Les sombres Secrets de Marianne Crebassa
L'album ne s'ouvre qu'après quelques secondes de silence, comme pour tenir en haleine l'auditeur un instant encore, comme pour prolonger les secrets qui donnent le titre et le thème de cet album. Quels secrets ? D'abord que Crebassa n'est plus Chérubin, Stéphano, Le Prince charmant ou le Fantasio de son premier album Oh boy ! (paru il y a un an, à peine) : Crebassa s'en détourne et jette un voile sombre sur sa voix. Une maturité, une sensualité même tentent désormais de percer.
Cette maturité est celle des mélodies françaises au tournant des XIXe et XXe siècles, avec les 3 chansons de Bilitis et 3 Mélodies de Verlaine composées par Debussy, Shéhérazade et la Vocalise de Ravel, pour rendre ensuite hommage à la génération précédente, celle de leurs maîtres : par les Mirages de Fauré et des pièces de Duparc.
Comme pour épaissir le secret et afin de profiter du disque pour changer de répertoire, ainsi que de registre, Marianne Crebassa compose un programme sombre, stagnant aux frontières les plus graves de sa tessiture.
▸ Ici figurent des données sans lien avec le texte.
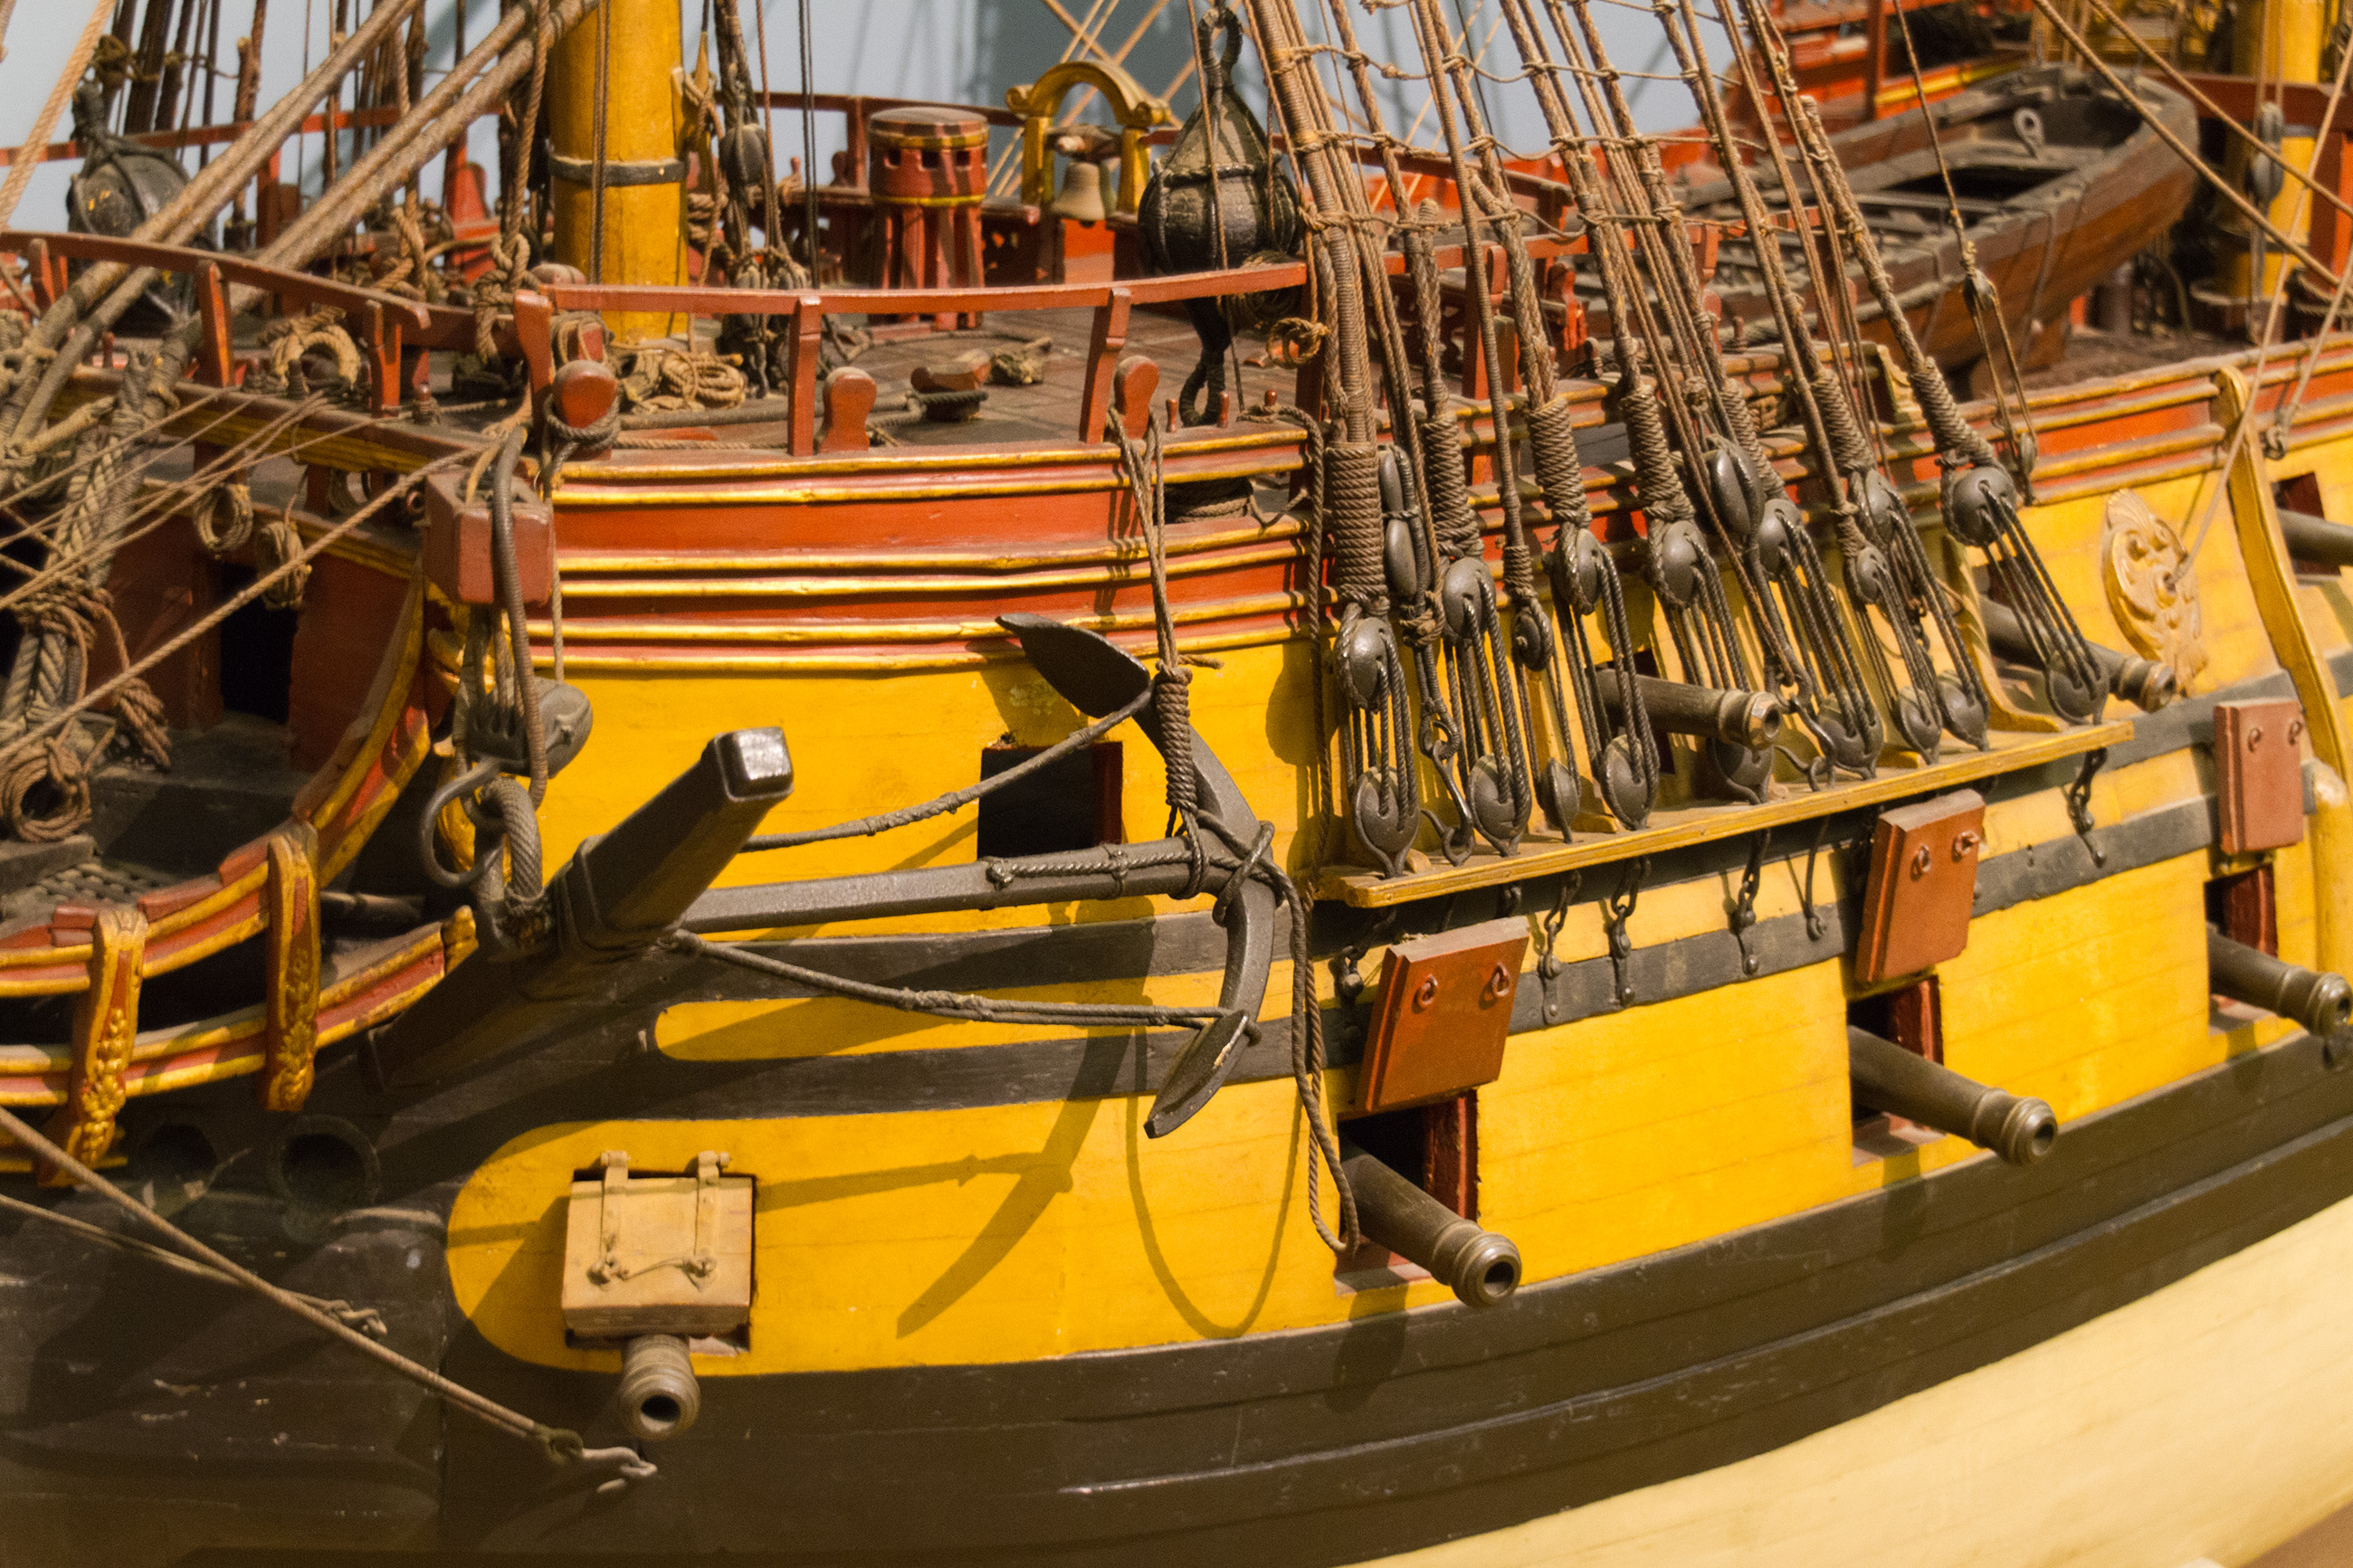 Ship, Sailboat, Wood, Warship, War, HQ Photo

L'album est globalement assourdi et cotonneux, tirant les voyelles vers des "ou" en fond de bouche et les émotions vers "la nuit, le collier noir, le tombeau".
Ce placement permet toutefois à la chanteuse de ménager des montées puissantes vers les aigus qui la retrouvent merveilleuse. Or, le génie de ces compositeurs associe bien entendu ces montées aux épectases, paroxysmes sensuels "liés pour toujours ainsi, par la même chevelure, la bouche sur la bouche", "tu entrais en moi comme mon songe". Le chant voisé et boisé d'un medium intensément vibré invitent et récompensent aussi la réécoute. L'interprète convoque des résonateurs de poitrine ("les satires sont morts") qui se déploient vers le rire des naïades.
Le piano de Fazıl Say l'accompagne en un délicat égrenage et engrenage de la passion qui sourd, jusqu'à batifoler en Asie. Il déploie des plans sonores fondant une nappe de sons main gauche, la délicate mélodie main droite et même le souffle audible de sa respiration. Marianne Crebassa retrouve ainsi l'Asie de Ravel qu'elle avait explorée depuis la Philharmonie, portée par Tugan Sokhiev et l'Orchestre National du Capitole de Toulouse. La version pour piano est une nouvelle occasion d'admirer le génie protéiforme de Ravel qui offre mille-et-une couleurs miroitantes aux interprètes.
Un grand souffle porte sa Vocalise-étude en forme de Habanera, exclusivement composée d'un "là". Une syllabe tour à tour claire comme un "la" et sombre comme "lo", "lô" même, aqueuse. L'accompagnement évident du piano au rythme d'une habanera offre à la chanteuse un exercice de style, sur les mille-et-une nuances, projections et effets vocaux. L'interprète va chercher la maturité jusqu'en un paroxysme : parmi les dernières mélodies de l'auguste maître du genre. Les Mirages de Fauré exigent une vie entière (et peut-être davantage) de métier et de mûrissement. Marianne Crebassa y démontre son articulation, qui remplace hélas la prosodie souple d'une ligne qui doit tutoyer l'infini.
Duparc semble davantage convenir, notamment par ses montées lyriques. Ses mélodies permettent des mezza voce et construisent un climat crépusculaire qui donnent un certain cachet aux graves expirant, mais les exigences dans le bas de la tessiture restent trop grandes.
À cette voix partie chercher trop tôt dans un répertoire et un registre qui ne sont pas (encore) les siens, il faut une pièce sur mesure, composée pour explorer ses graves, convoquant le chant expirant, faisant œuvre sur le râle afin d'élargir progressivement la zone de confort : c'est précisément ce que lui offre Gezi Park 3 composé par le pianiste Fazıl Say lui-même suite à la révolte civile en Turquie à l'été 2013, un voyage souterrain et sous-marin sur une seule syllabe noyée d'accents.